Уилл выступил со своей первой речью в октябре, когда депутаты собрались после продолжительного отпуска. Накануне вечером мы спорили, какого цвета костюм он должен надеть. Я выбрала серый. Он предпочитал синий. Разве это имело значение? Видимо, да. Цвета (как считали аппаратчики) имели тайное значение. Меня несколько озадачило это открытие.
— Я понимаю, что это ерунда, — решительно утверждал он, — но в этот раз, думаю, я должен послушать советников.
Я потерла плечи, затвердевшие от напряжения.
— Ну-ка, сделай несколько глубоких вдохов и выдохов. Расслабь мышцы.
Я не сказала Уиллу, что у меня самой от волнения сосет под ложечкой. Я должна была наблюдать, какое впечатление произведет Уилл на своих соратников, когда поднимется на ноги и будет говорить о социальной пользе удешевления жилья. Это первое выступление повлияет на его будущее — и мое.
— Я не должен испортить эту игру, Фанни, — сказал он.
— Мы с твоей сестрой не подведем, — заверила его я. — У нас отличные места на галерее, откуда прекрасно видны все лысины.

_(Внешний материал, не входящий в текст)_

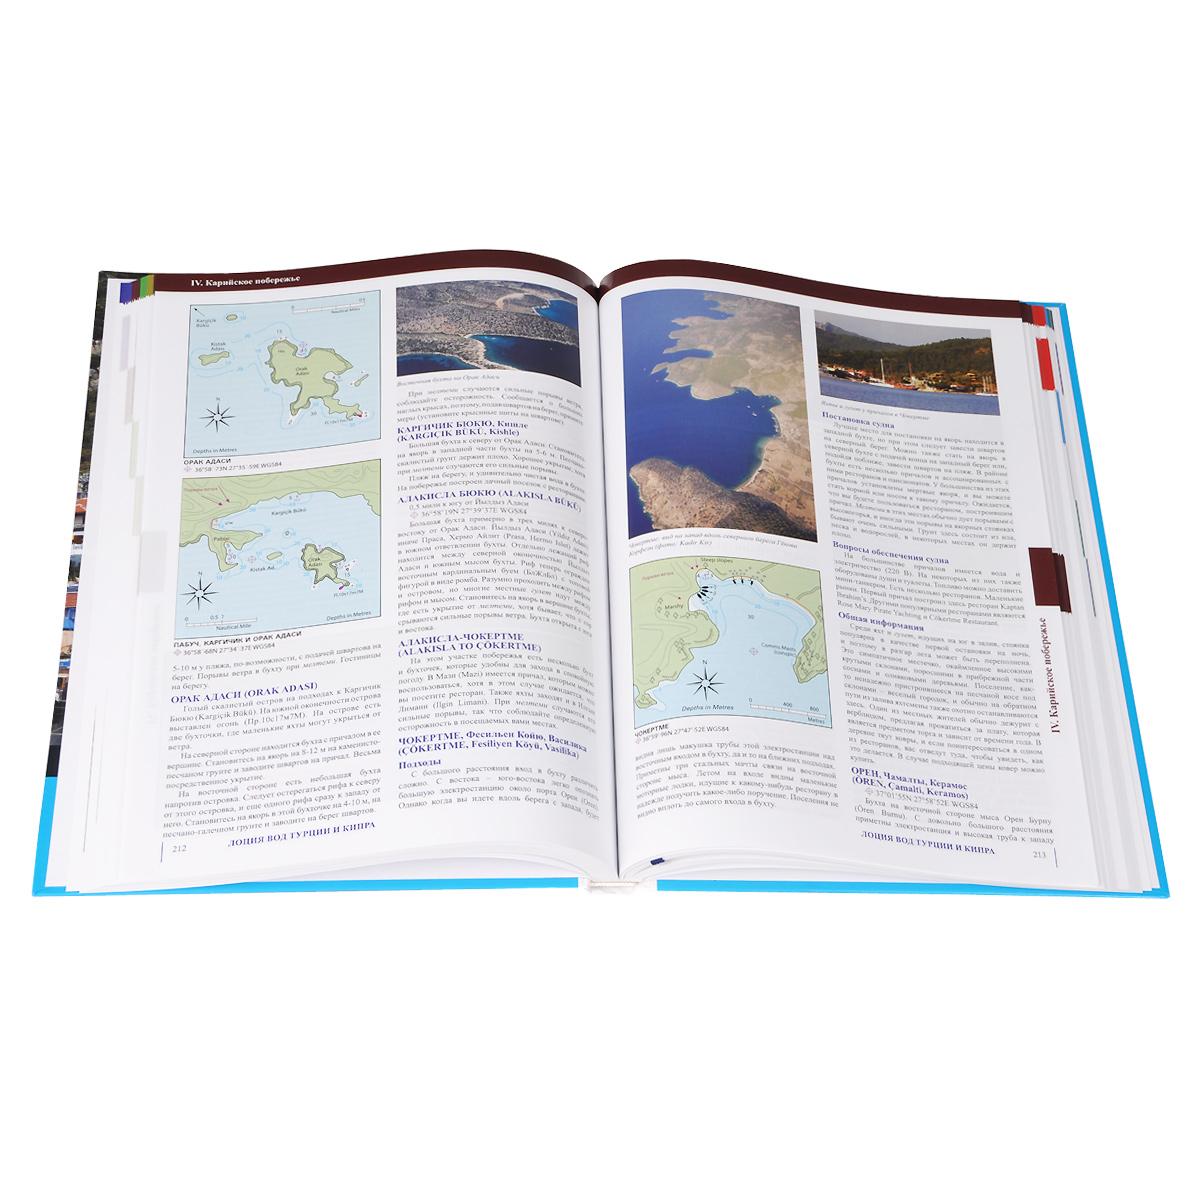 Лоция вод Турции и Кипра, Род и Люсинда Хейкелл

Он издал приглушенный смешок.
Речь Уилла приняли хорошо.
По крайне мере, я так думаю, потому что, когда он поднялся на ноги, откашлялся и заговорил легко и свободно, мое внимание переключилось на другие предметы.
В этом были виноваты нервы, я знаю, но я поймала себя на мыслях о деревьях. О высоких платанах, когда зимняя нагота только подчеркивала бескомпромиссную крепость их ветвей. О тополях, раскачиваемых летним ветерком, об оперенных серебристой листвой акациях и удивительных красных кленах. Но деревьями, которые особенно много значили для меня, были кипарисы, эти Sempervirens Cupressus, темными восклицательными знаками усеявшие пейзажи средневековой и ренессансной итальянской живописи. И самшиты, которые, в сущности, не являются деревом. Вероятно, самшит был завезен в Италию римлянами, и его стволы и корни так тяжелы, что тонут в воде.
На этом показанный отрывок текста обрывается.